* [Available data]:
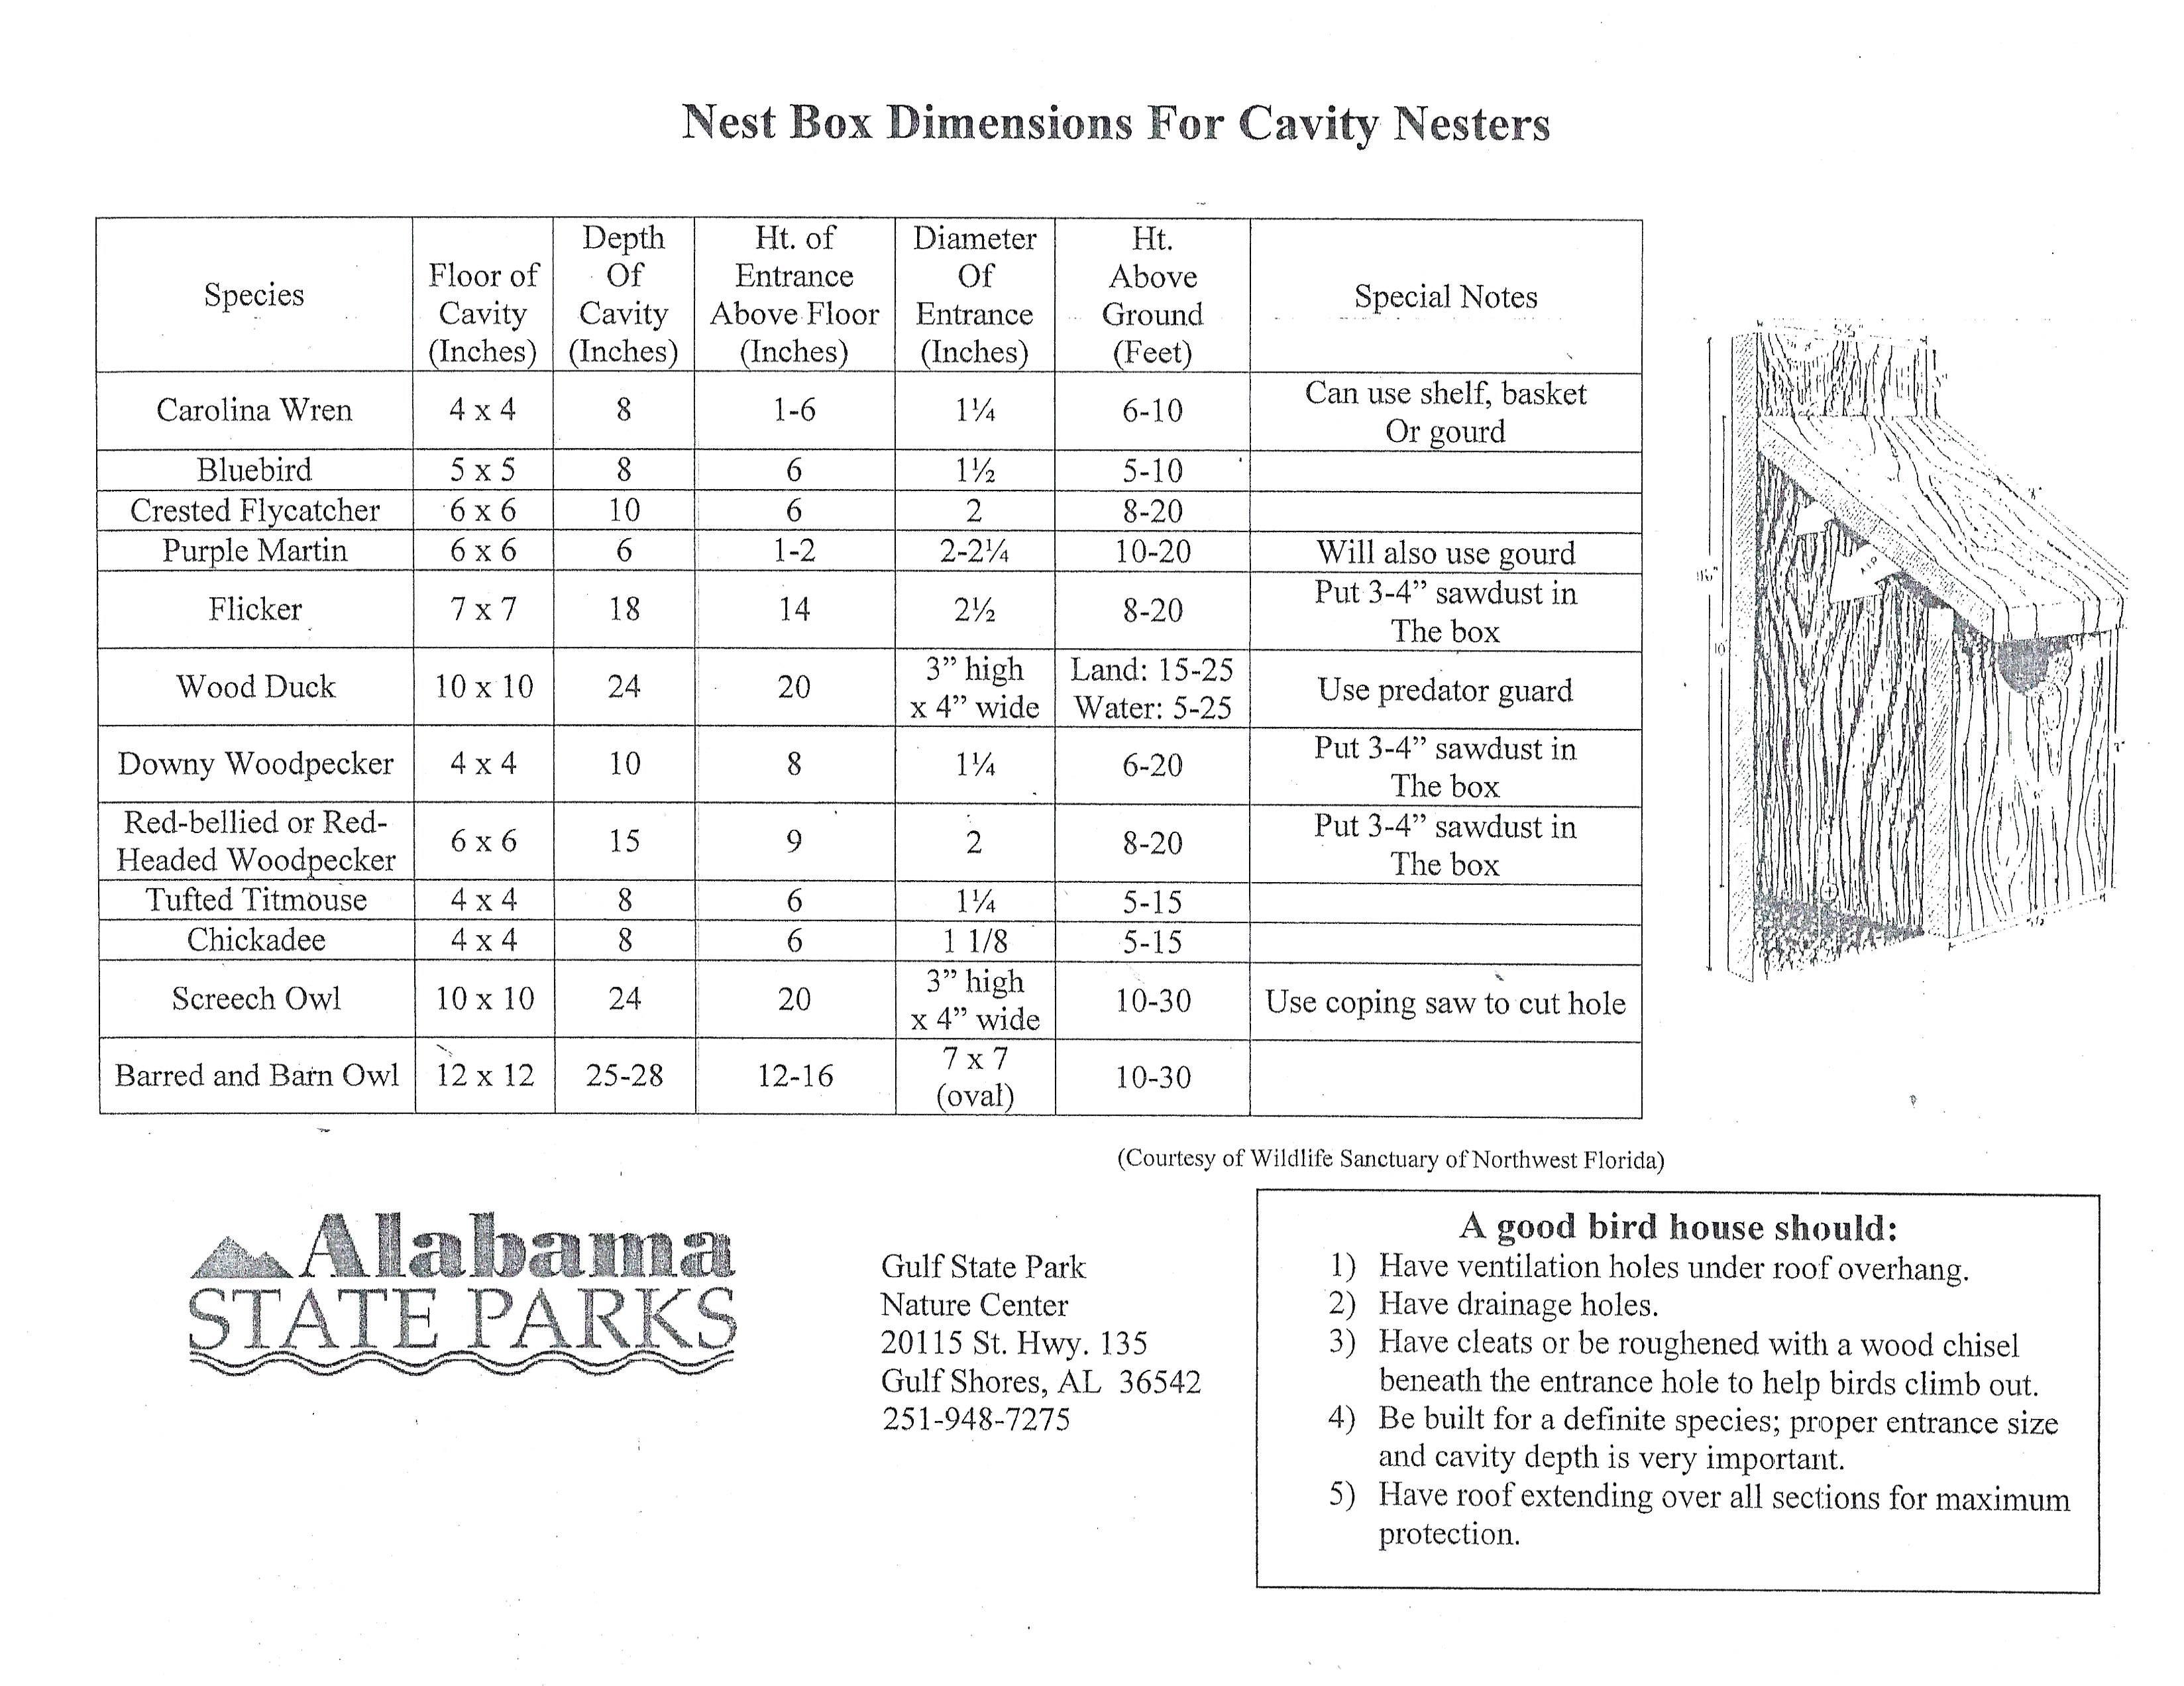 Nest Box Dimensions for Cavity Nesters at GSP
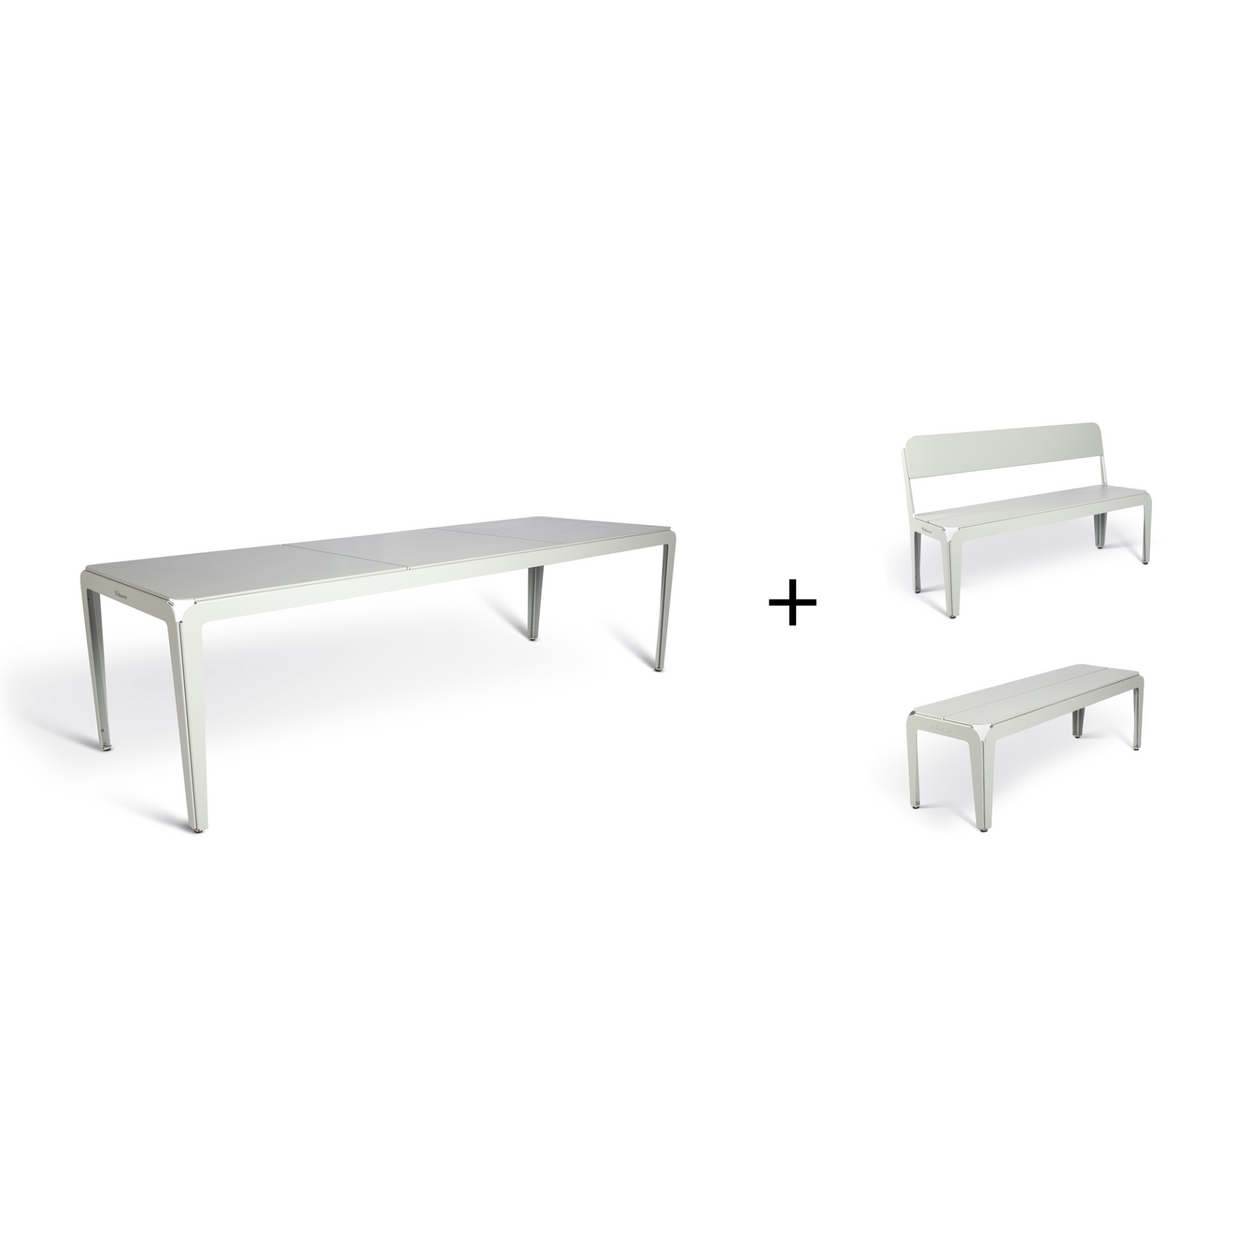 Bended table 270 inclusief benches - 3 combinaties
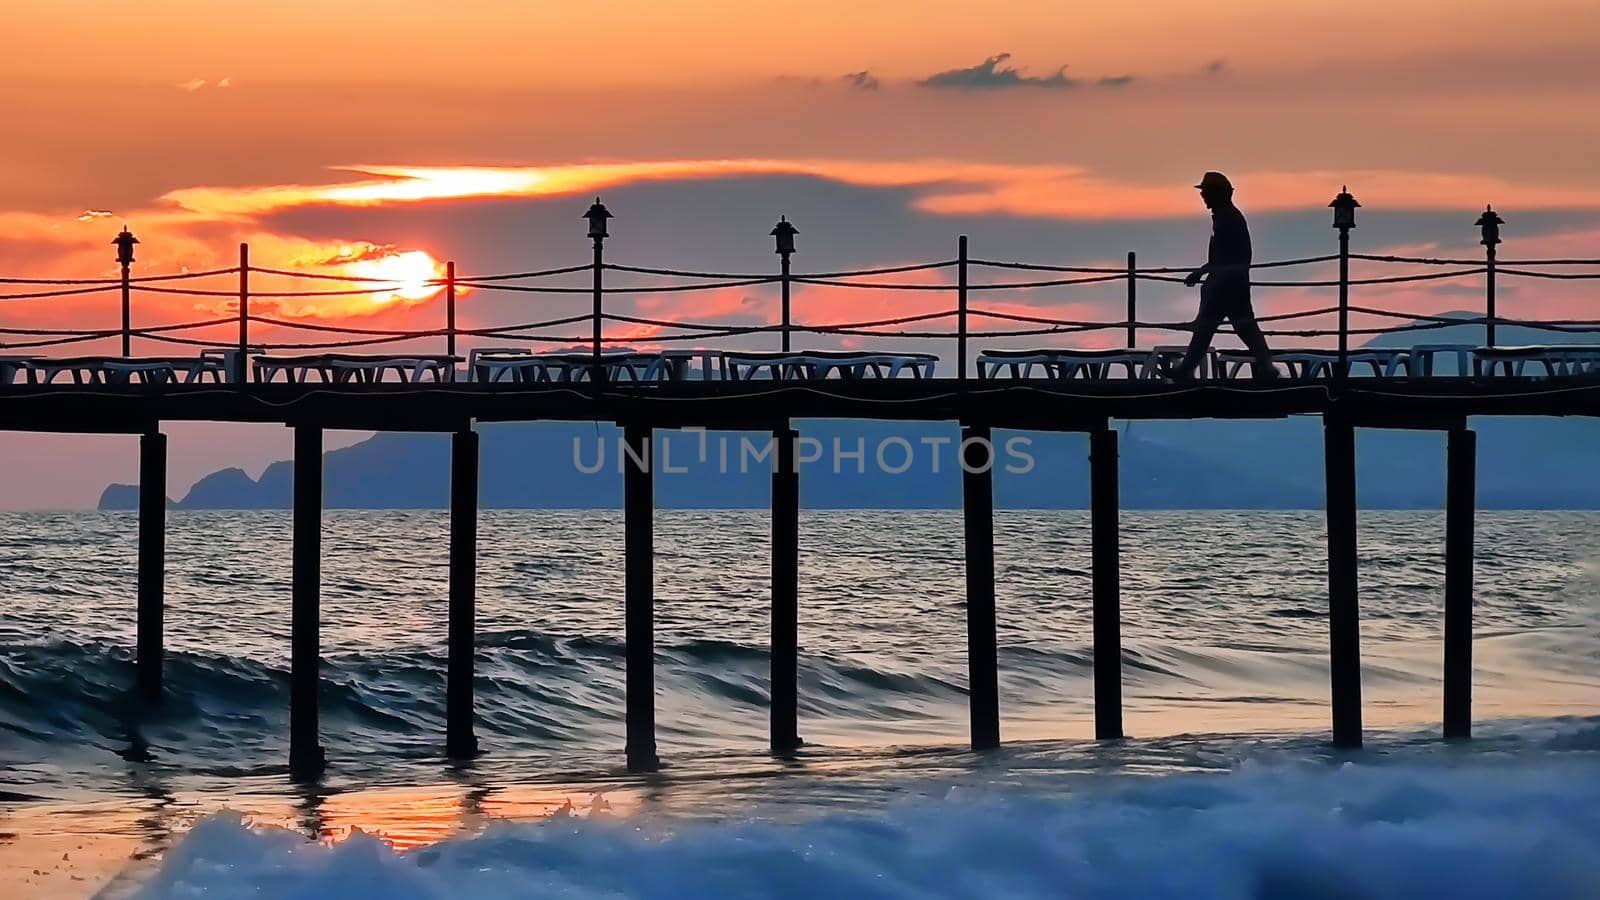 Evening seascape with beautiful sunset. Silhouette of man walking on bridge over sea, in background of sunset.
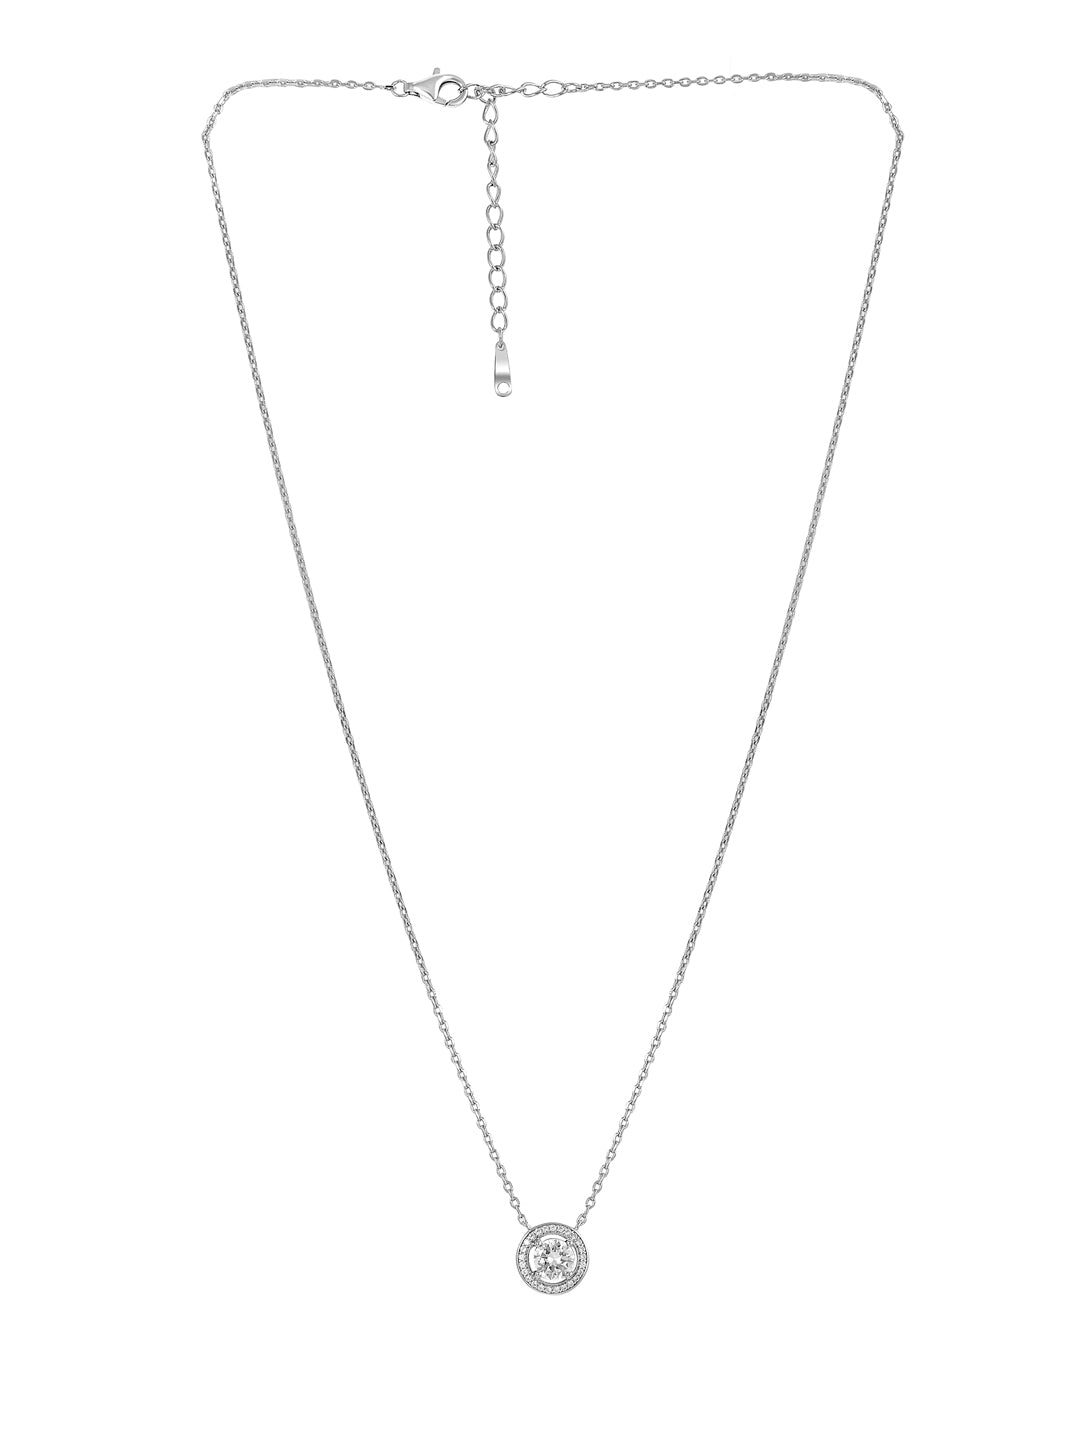 Pure Silver Halo Solitaire Necklace Embellished With Cubic Zirconia Stones.

* [Task requirements]: Repeat the full listing above without altering a word, and skip the pictures.

* [Output for this exercise]:
 Nest Box Dimensions for Cavity Nesters at GSP
 Bended table 270 inclusief benches - 3 combinaties
 Evening seascape with beautiful sunset. Silhouette of man walking on bridge over sea, in background of sunset.
 Pure Silver Halo Solitaire Necklace Embellished With Cubic Zirconia Stones.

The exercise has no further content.